Task to complete:
Everything in the records below from the line containing "Куртки Pinko, Утепленная" through the line containing "Modello Bamaro - Zapatillas" is to be reproduced exactly, those two lines included; no picture is to be copied.

Excerpted data:
--------------------

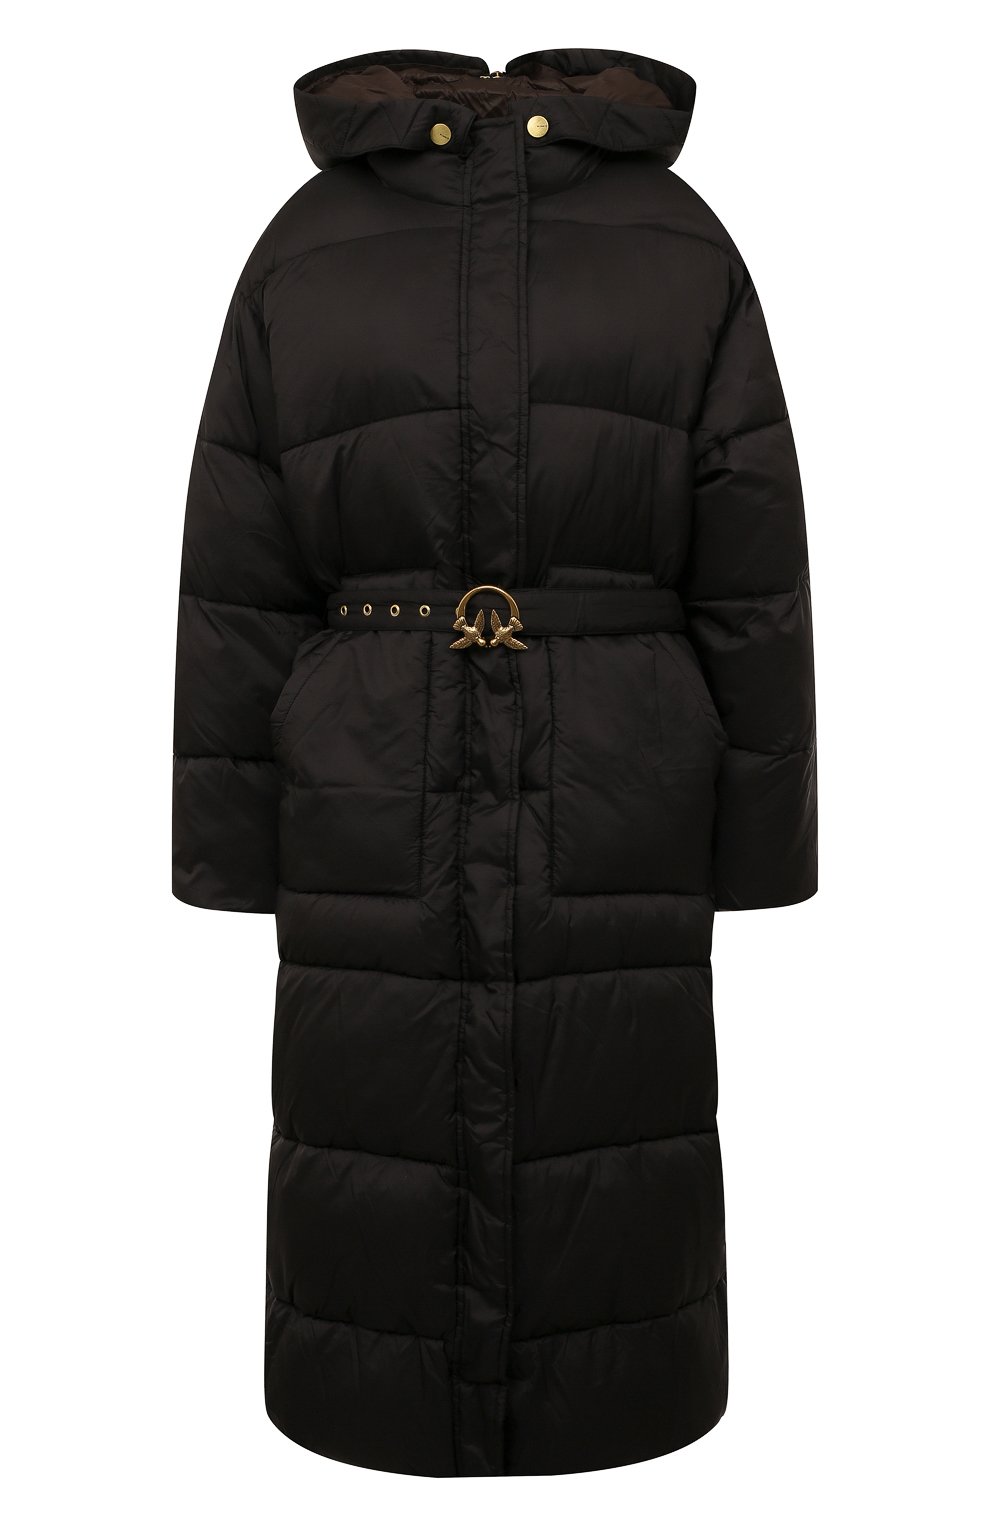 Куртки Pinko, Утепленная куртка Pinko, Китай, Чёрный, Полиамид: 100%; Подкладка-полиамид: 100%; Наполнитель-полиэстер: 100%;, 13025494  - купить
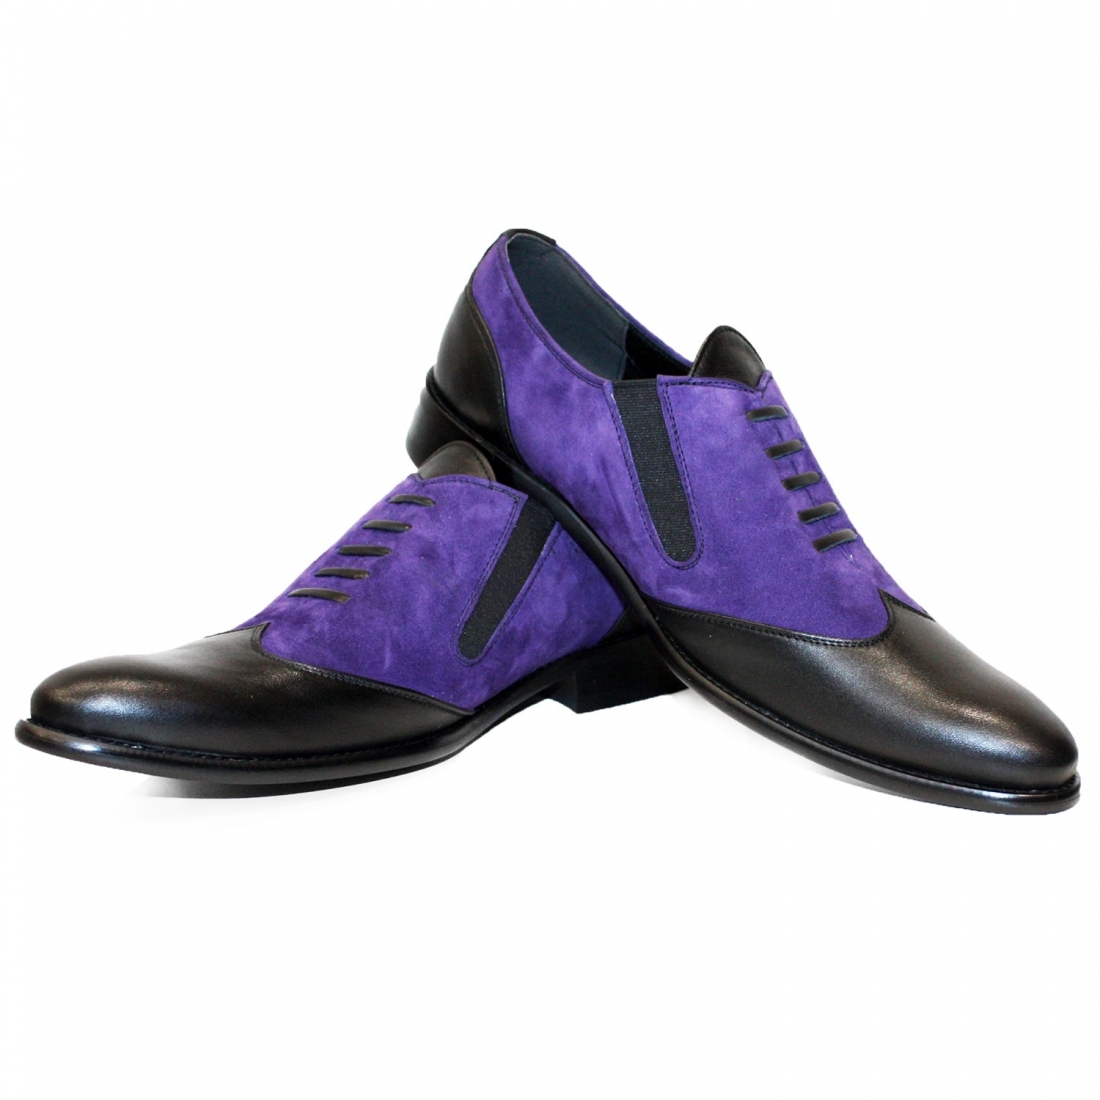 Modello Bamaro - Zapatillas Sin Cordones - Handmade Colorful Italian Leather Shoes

--------------------

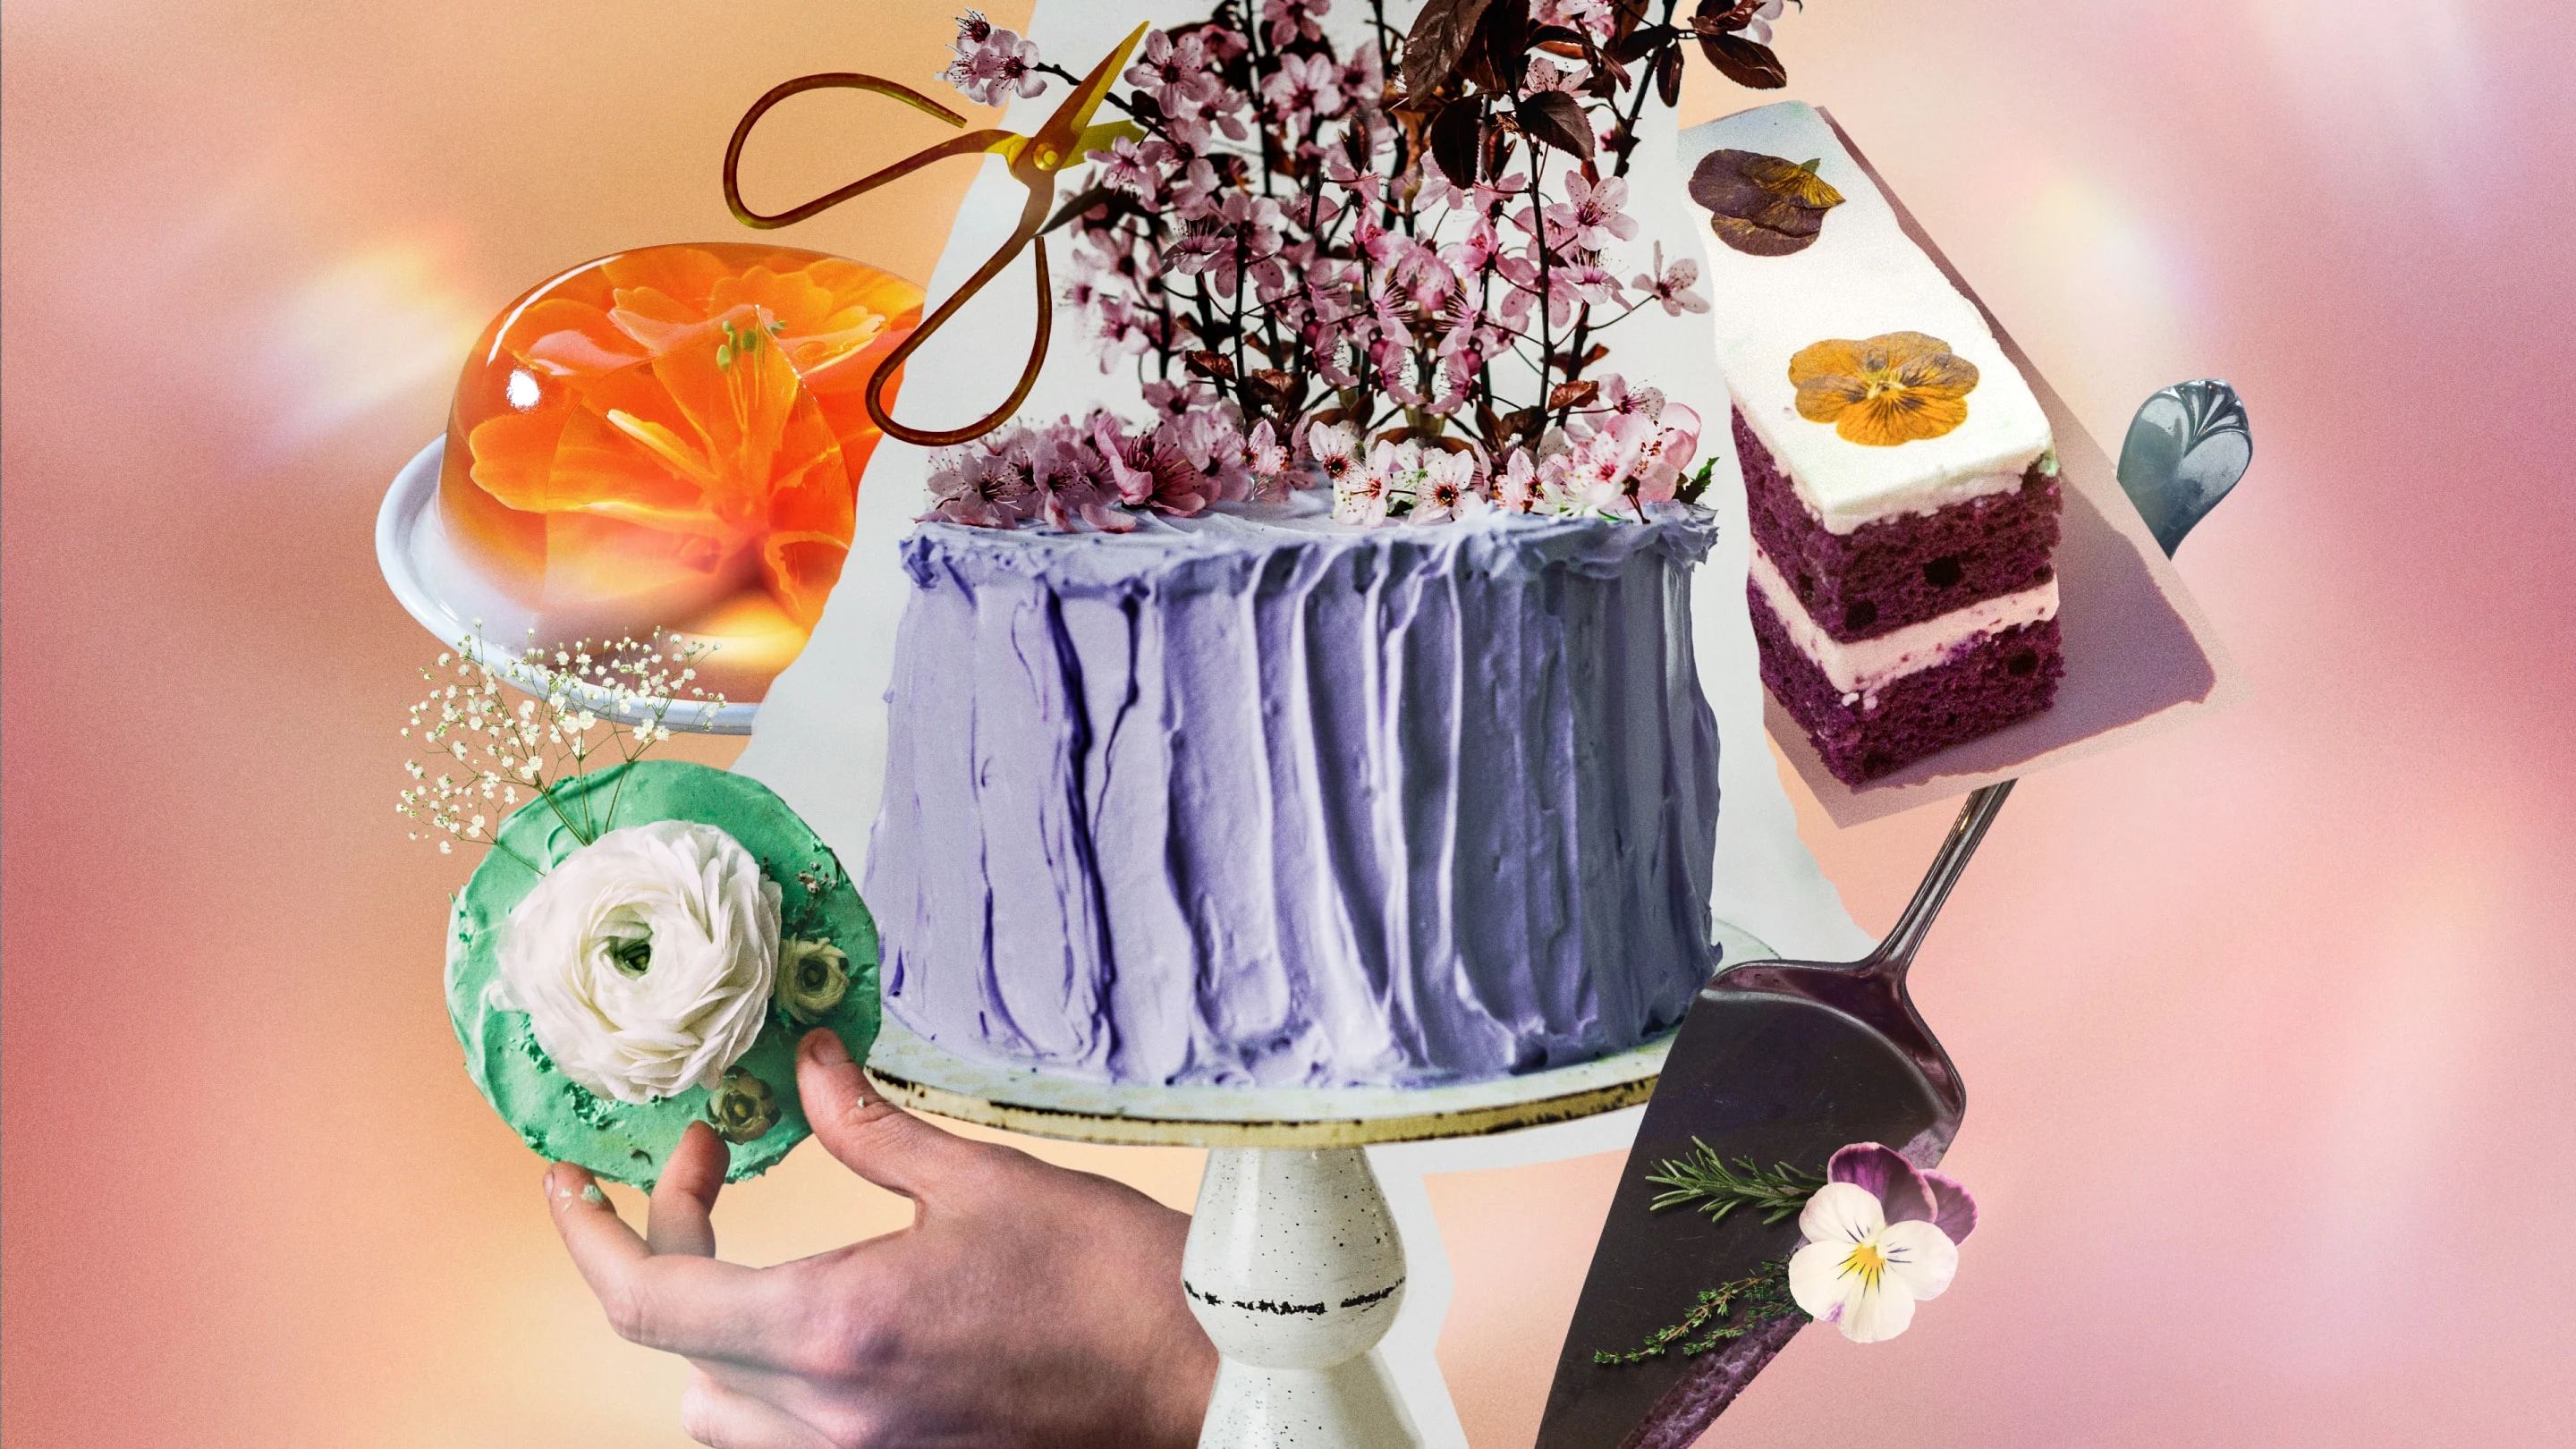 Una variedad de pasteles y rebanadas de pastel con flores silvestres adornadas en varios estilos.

--------------------

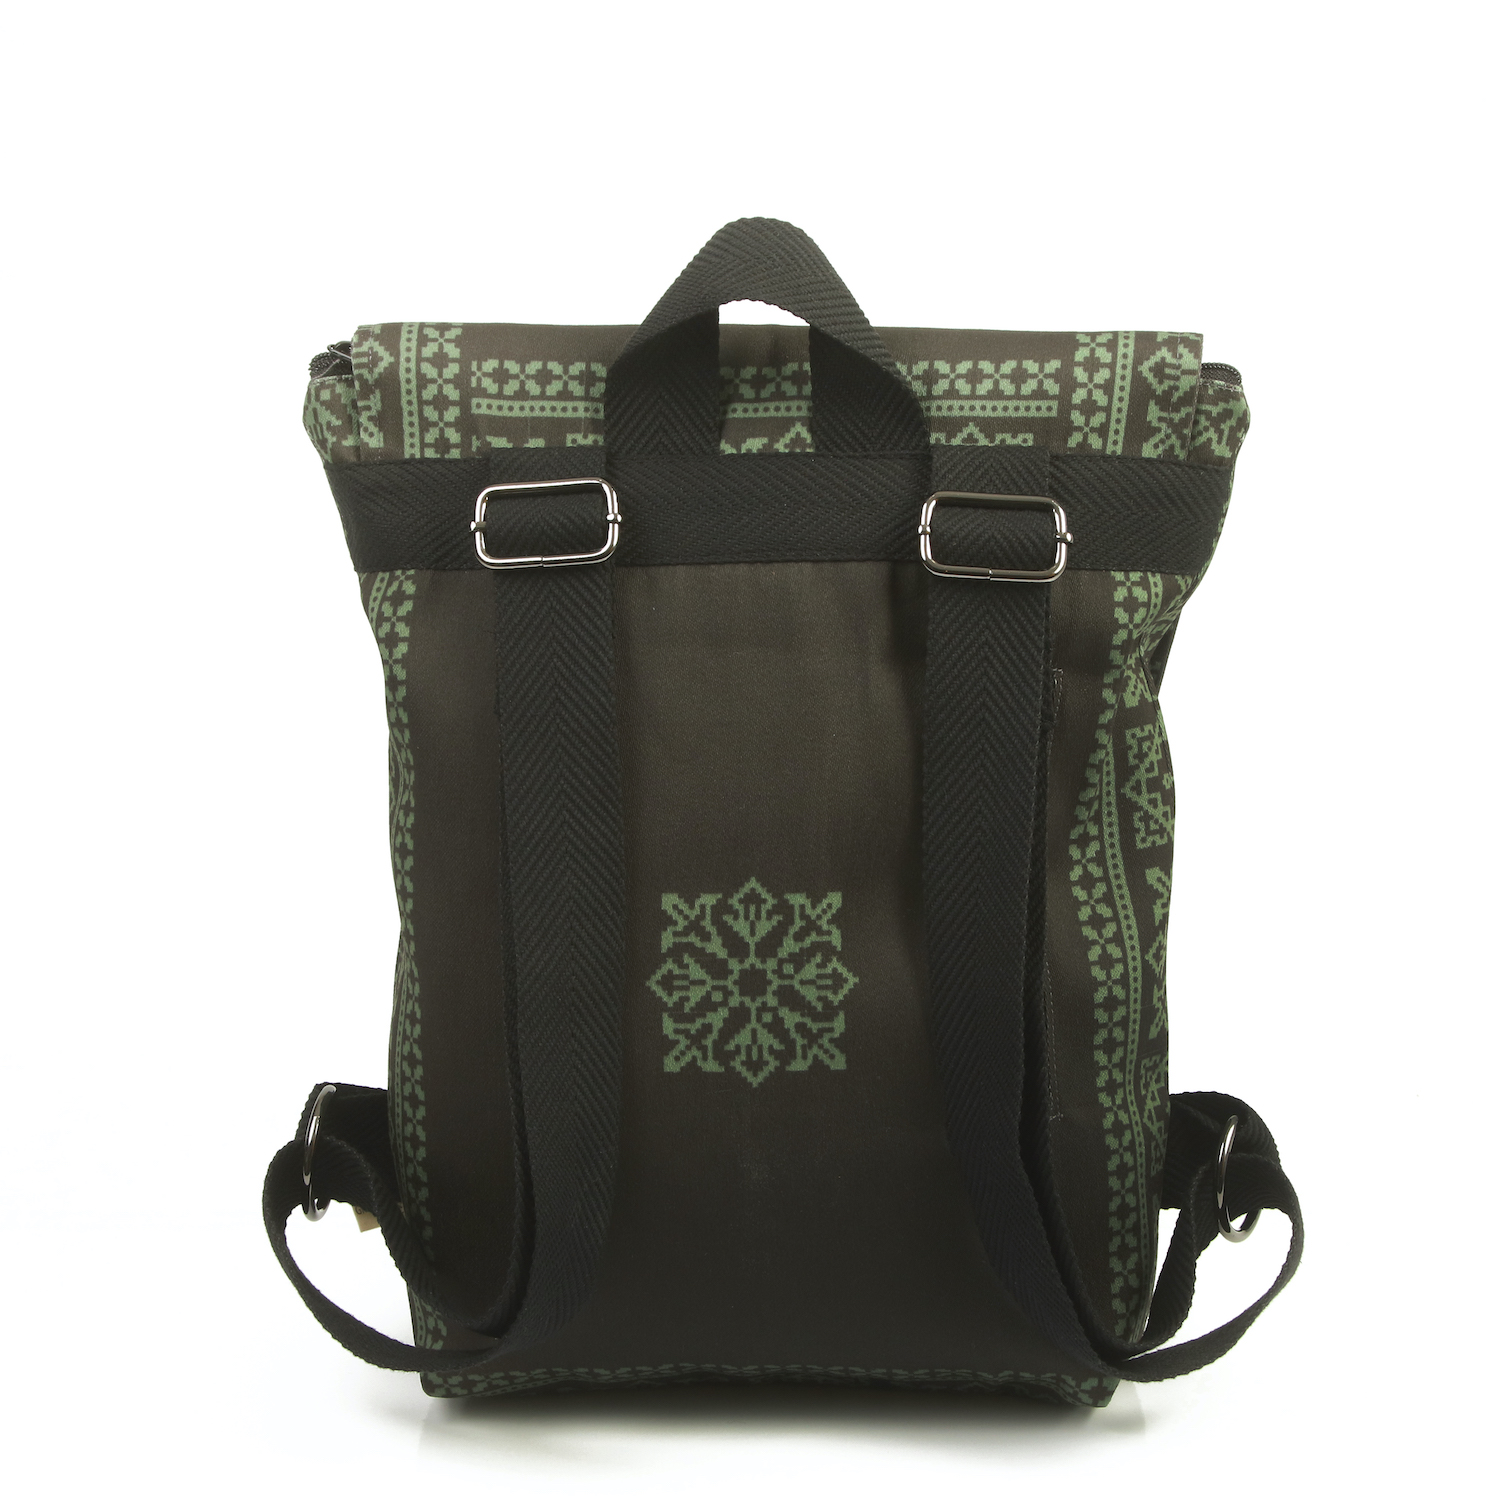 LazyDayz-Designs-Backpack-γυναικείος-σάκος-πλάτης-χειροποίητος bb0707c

--------------------

Reply:
 Куртки Pinko, Утепленная куртка Pinko, Китай, Чёрный, Полиамид: 100%; Подкладка-полиамид: 100%; Наполнитель-полиэстер: 100%;, 13025494  - купить
 Modello Bamaro - Zapatillas Sin Cordones - Handmade Colorful Italian Leather Shoes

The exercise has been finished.